The six states were successful in engaging sufficient numbers of citizens to engage in dialogue about pandemic influenza policy issues; however, most states did not reach the goal of attracting 100 participants to meetings. Projects were successful in attracting a diversity of citizens to deliberations. Demographic characteristics of participants did not always match the characteristics of the broader communities within which the meetings were held but in some cases this was intentional. For example, in Washington there was a concerted effort to partner with community groups who could reach out to specific minority populations. In several states the focus was attracting certain sectors or groups within their communities rather than convening a representative sample; and in Nebraska the focus was on Native Americans/American Indians. Males were underrepresented across all states and older persons tended to be overrepresented. Most of the citizen meetings were representative of the broader community with respect to race and ethnicity; for meeting locations that were not representative, minority populations tended to be overrepresented. Participants also reflected a diversity of education levels, income levels and whether participants had children living at home. At all locations and across states, citizens, on average, agreed with the statement “Participants at this meeting represented a broad diversity of perspectives.” (See Figure 1.)
Figure 1. Perceptions of diversity by state (citizens).
2. How successful was the process in ensuring a sufficient level of citizen knowledge about pandemic influenza policy so they could engage in informed discussions?

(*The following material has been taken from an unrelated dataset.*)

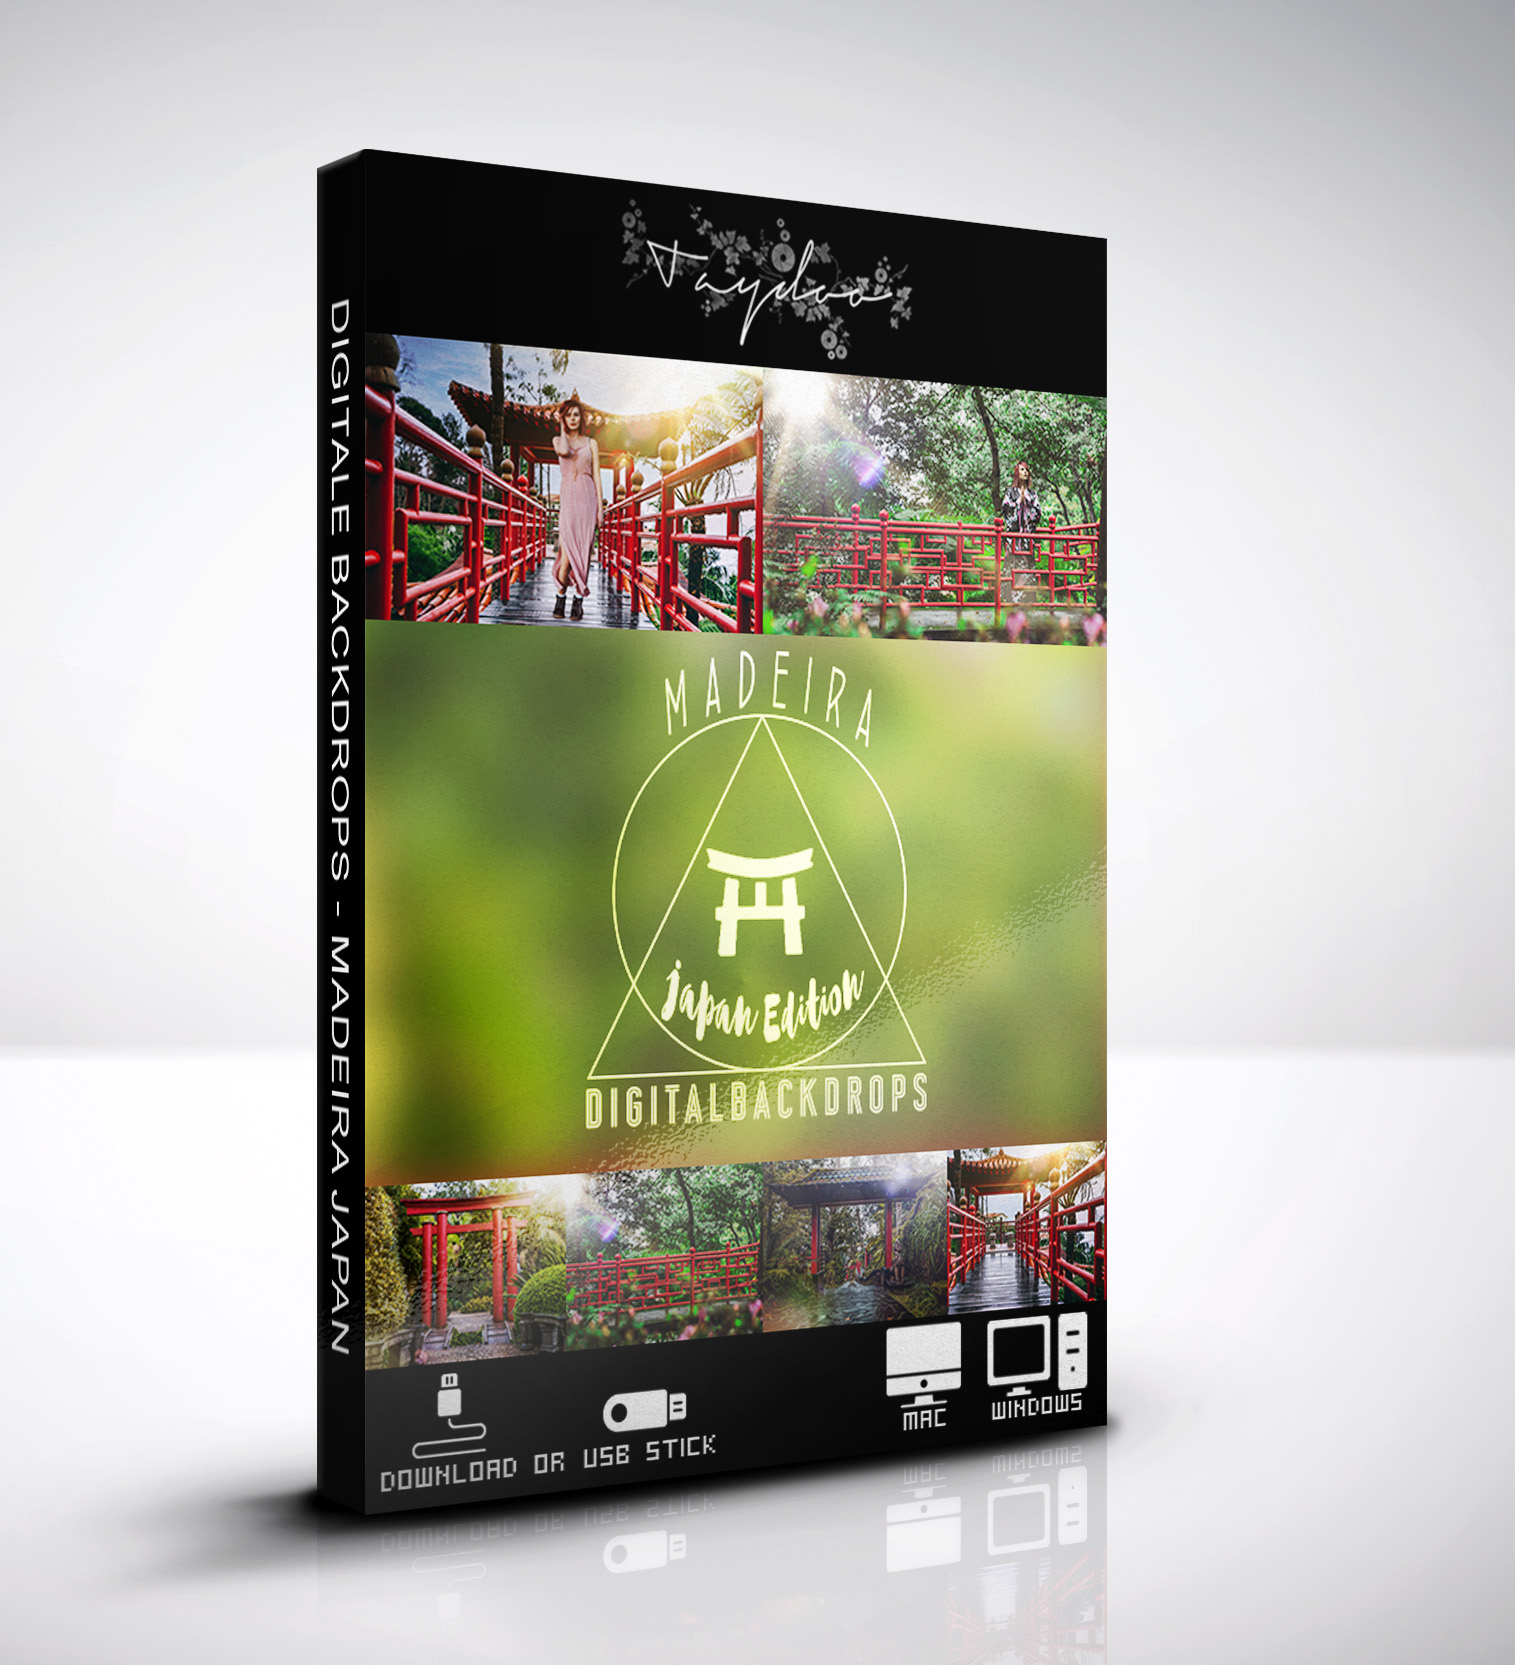 produktbox-backdrops-madeira-japan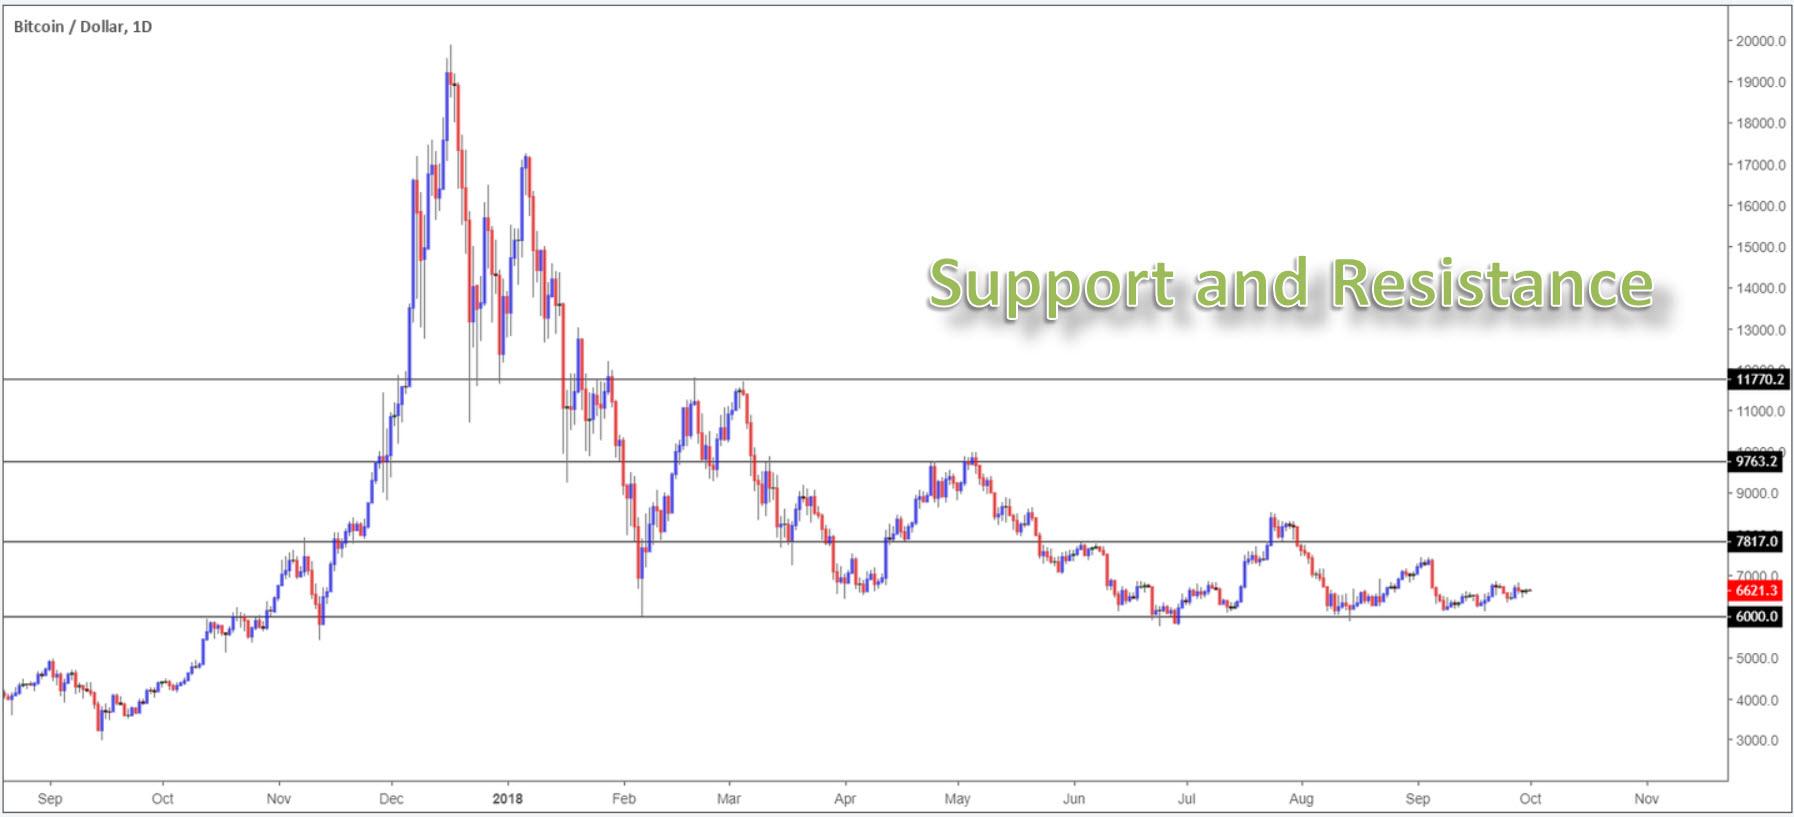 How to trade bitcoin 2

For the most part, projects were successful in increasing the knowledge of citizens so they could engage in informed discussions about pandemic influenza. Knowledge increased in all states; however the change was statistically significant in only four of the states. Citizens generally believed they had enough knowledge to have well informed opinions about decisions related to pandemic influenza. Also, contrary to expectations, the processes across projects did not significantly level the playing field in terms of knowledge; participants were as varied in their level of knowledge at the end of the process as they were when they walked in the door. (See Table 1.)
Table 1. Participant knowledge by state.
3. Did the process result in a balanced, honest, and reasoned discussion of the issues and what would have improved the process?
Participants in the public engagement processes generally thought the deliberative processes were high quality. Participants believed the discussions were fair to all participants, individuals were comfortable talking in the discussion, the process helped them better understand the types of trade-offs involved in policy decisions, and the process produced independent information and resulted in a valuable outcome (see Table 2).
Table 2. Perceptions of process by state (citizens).
4. How did the process affect citizen perceptions about pandemic influenza policy options and values underlying those goals or options?
The projects were generally successful in influencing opinions about social values and policy options related to pandemic influenza. Citizen posttest ratings of importance of social values were significantly different than pre-test scores. This result indicates that overall as part of the deliberative processes conducted in each state, citizens changed their opinions about social values after being exposed to an educational presentation and discussing policy options. This result is important because it demonstrates that deliberative processes provide a different quality of input than surveys or polls.
5. Did the process affect citizen trust in government and support for policy decisions?
Citizens did not significantly change their trust in various levels of government as a result of the process. However, participants tended to believe their input would be used by decision makers. Stakeholders and citizens expressed hope in interviews and focus groups that decision makers would use the information offered at the events when making policy level decisions (see Table 3). There was no single expectation about how the information would be used, but many participants wanted to receive some sort of feedback from the project sponsors with that information. The presence of a decision maker at citizen events seemed to be proof to many that the information generated at the event was considered important by someone. Even when citizen and stakeholder ratings on surveys for trusting officials were low, their comments in interviews about the office or person representing the office present at the event were positive.
Table 3. Perceptions of process by state (citizens).
1. Did the process empower citizens to participate effectively in policymaking work?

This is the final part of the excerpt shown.